The listing below is to be given again in full and word for word, without its images.

(Data block)
========================

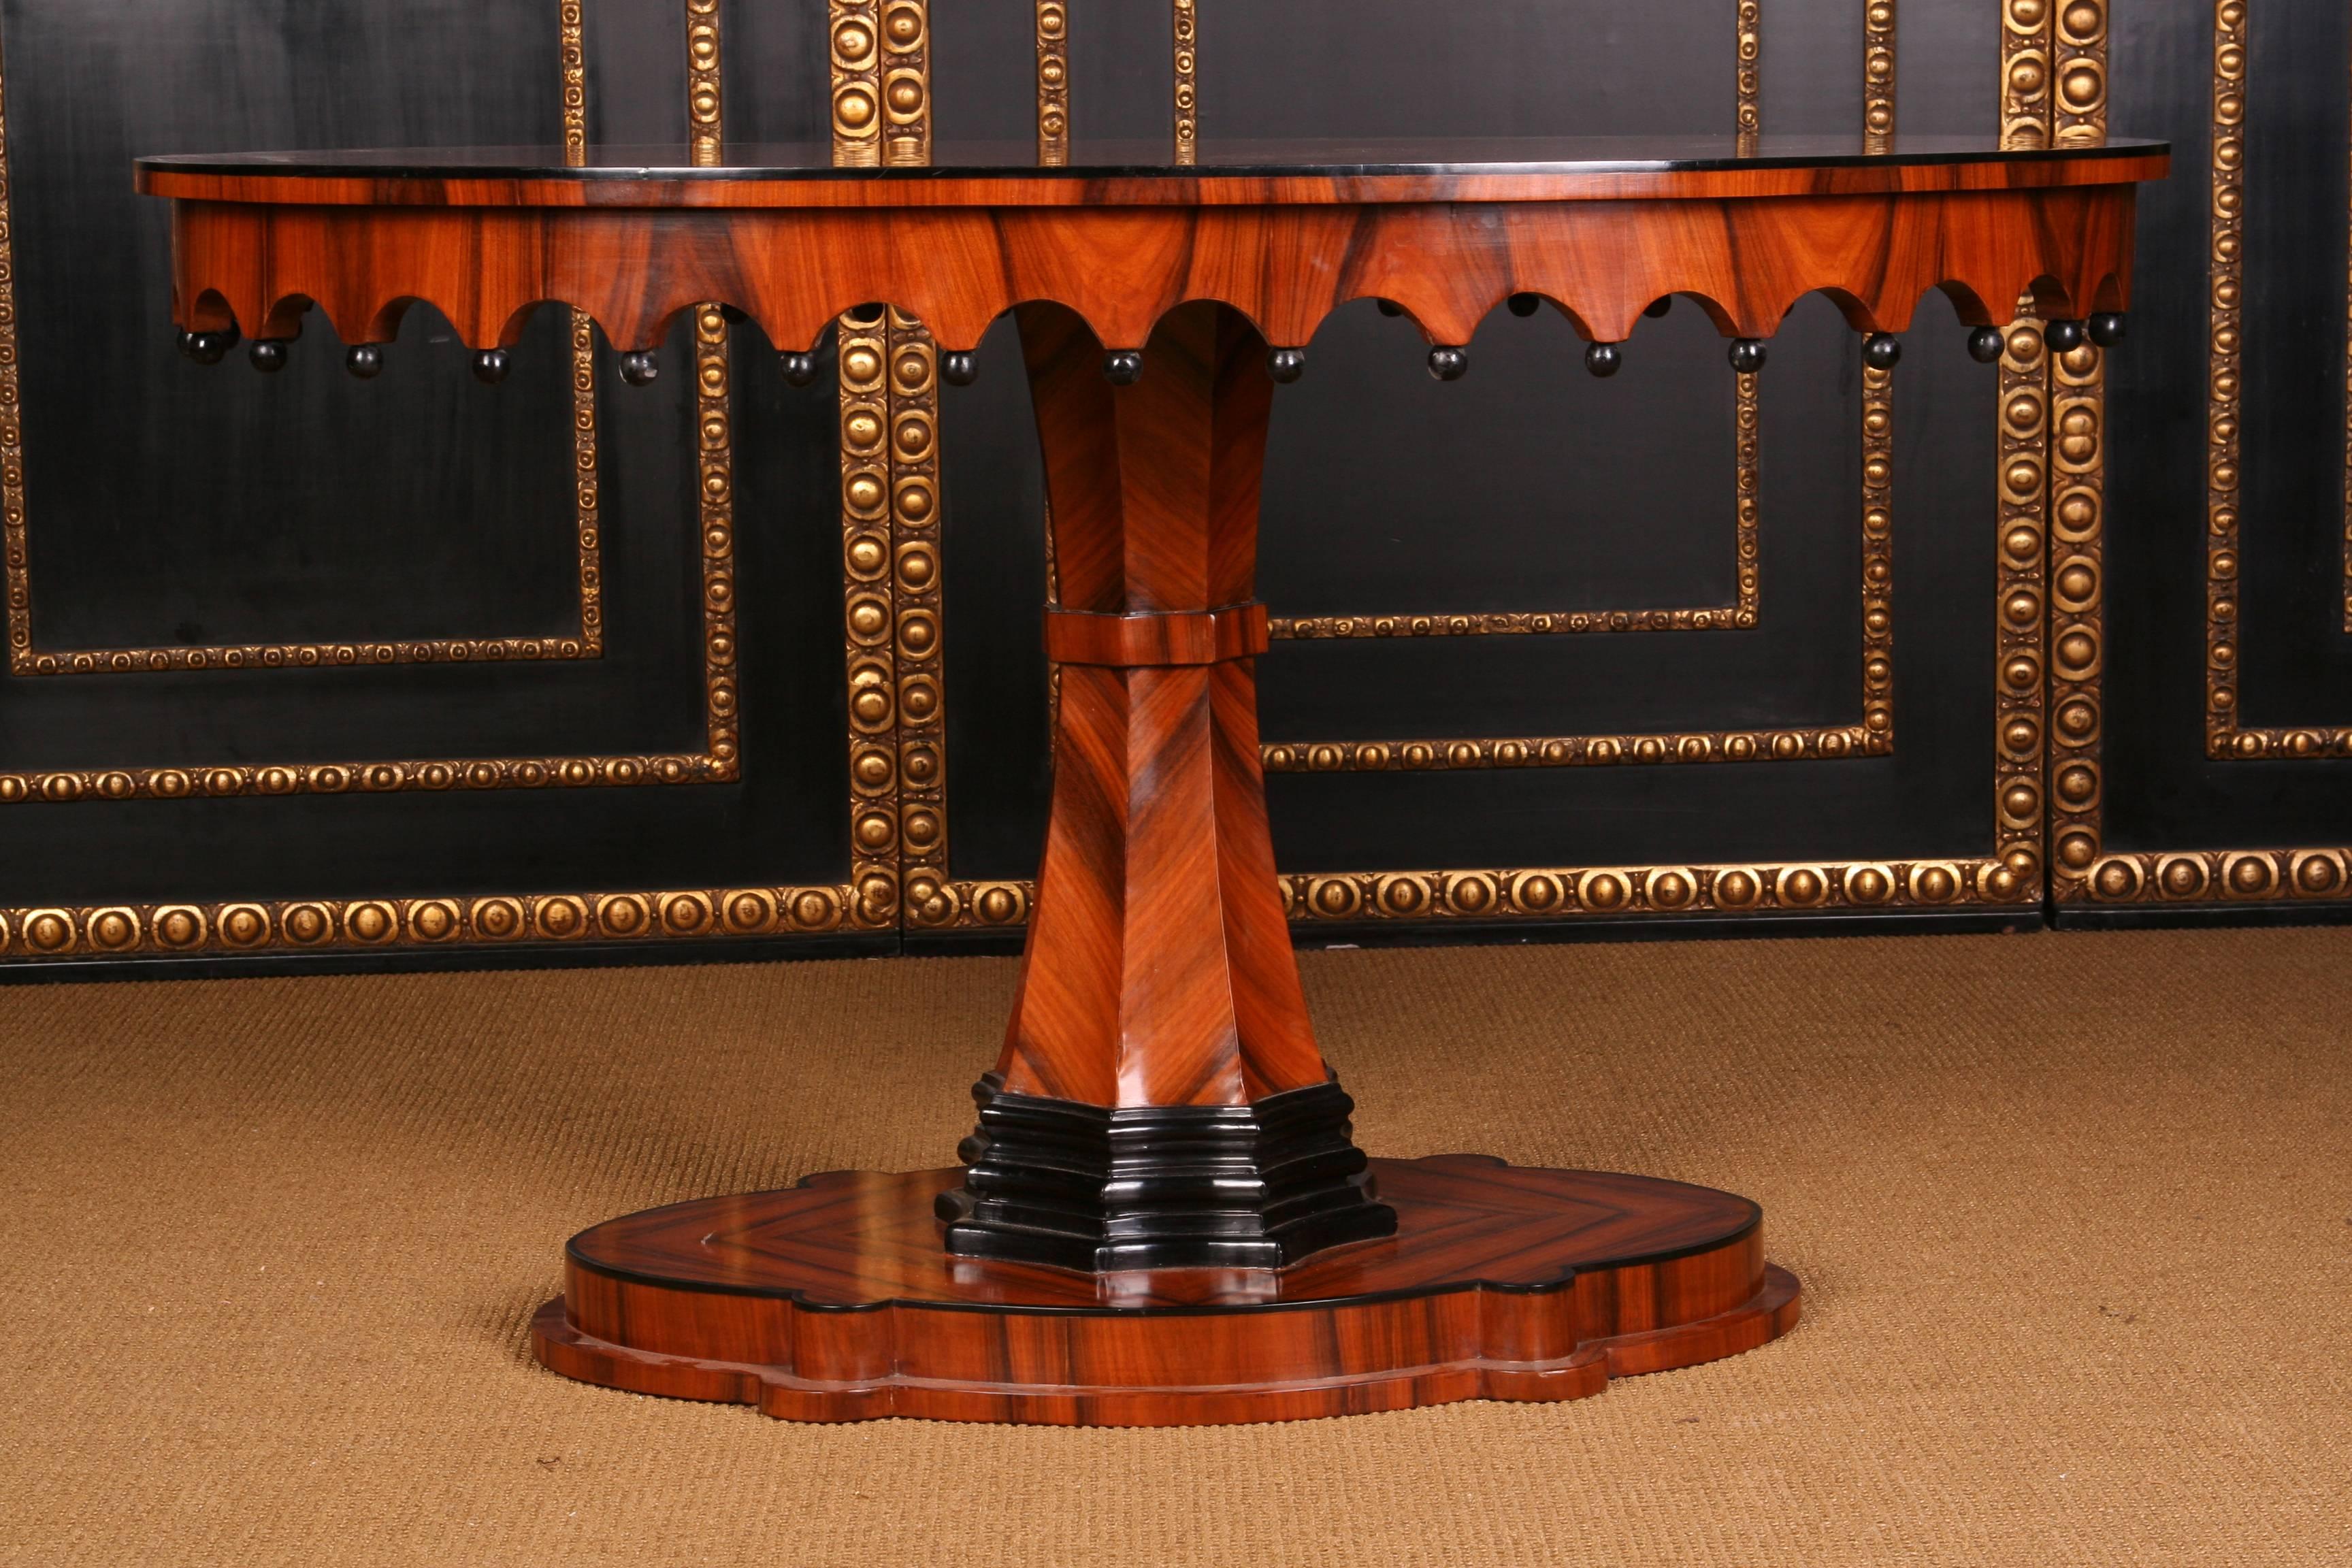 Exceptionnellement jolie table ovale de style Biedermeier.
bois massif, partiellement noirci. Piédestal ovale, cambré et profilé. Arbre de colonne moyen ascendant, octuple, en éventail, partiellement noirci. Bordure gothique avec un
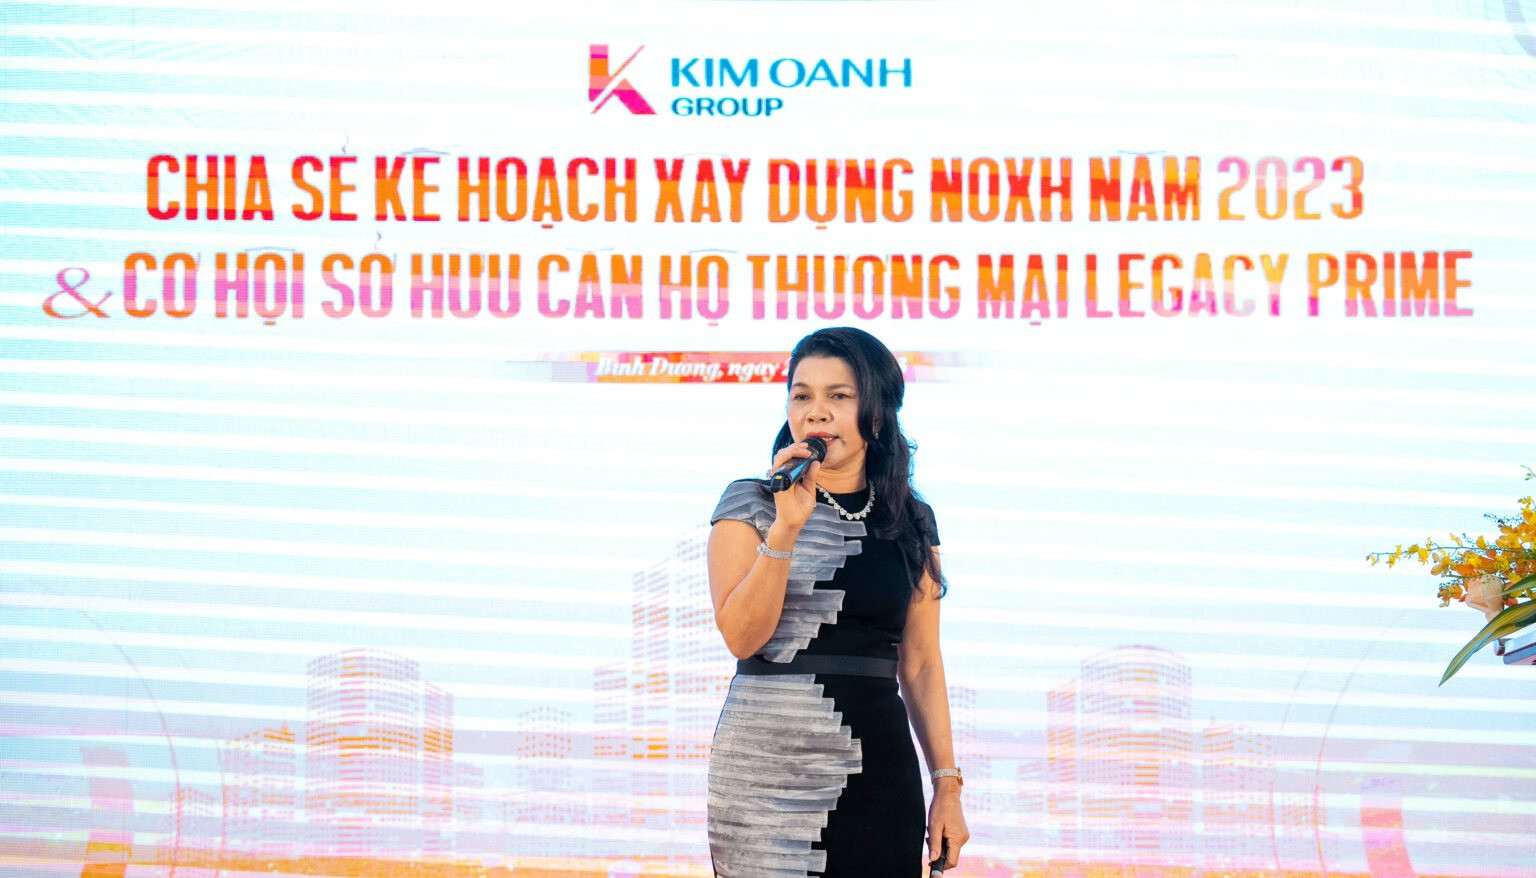 Tiềm lực công ty của “bà trùm” bất động sản Kim Oanh khi muốn chi 31.000 tỷ đồng làm 40.000 căn NOXH - Ảnh 1.

========================

(Result of this task)
 Exceptionnellement jolie table ovale de style Biedermeier.
bois massif, partiellement noirci. Piédestal ovale, cambré et profilé. Arbre de colonne moyen ascendant, octuple, en éventail, partiellement noirci. Bordure gothique avec un
 Tiềm lực công ty của “bà trùm” bất động sản Kim Oanh khi muốn chi 31.000 tỷ đồng làm 40.000 căn NOXH - Ảnh 1.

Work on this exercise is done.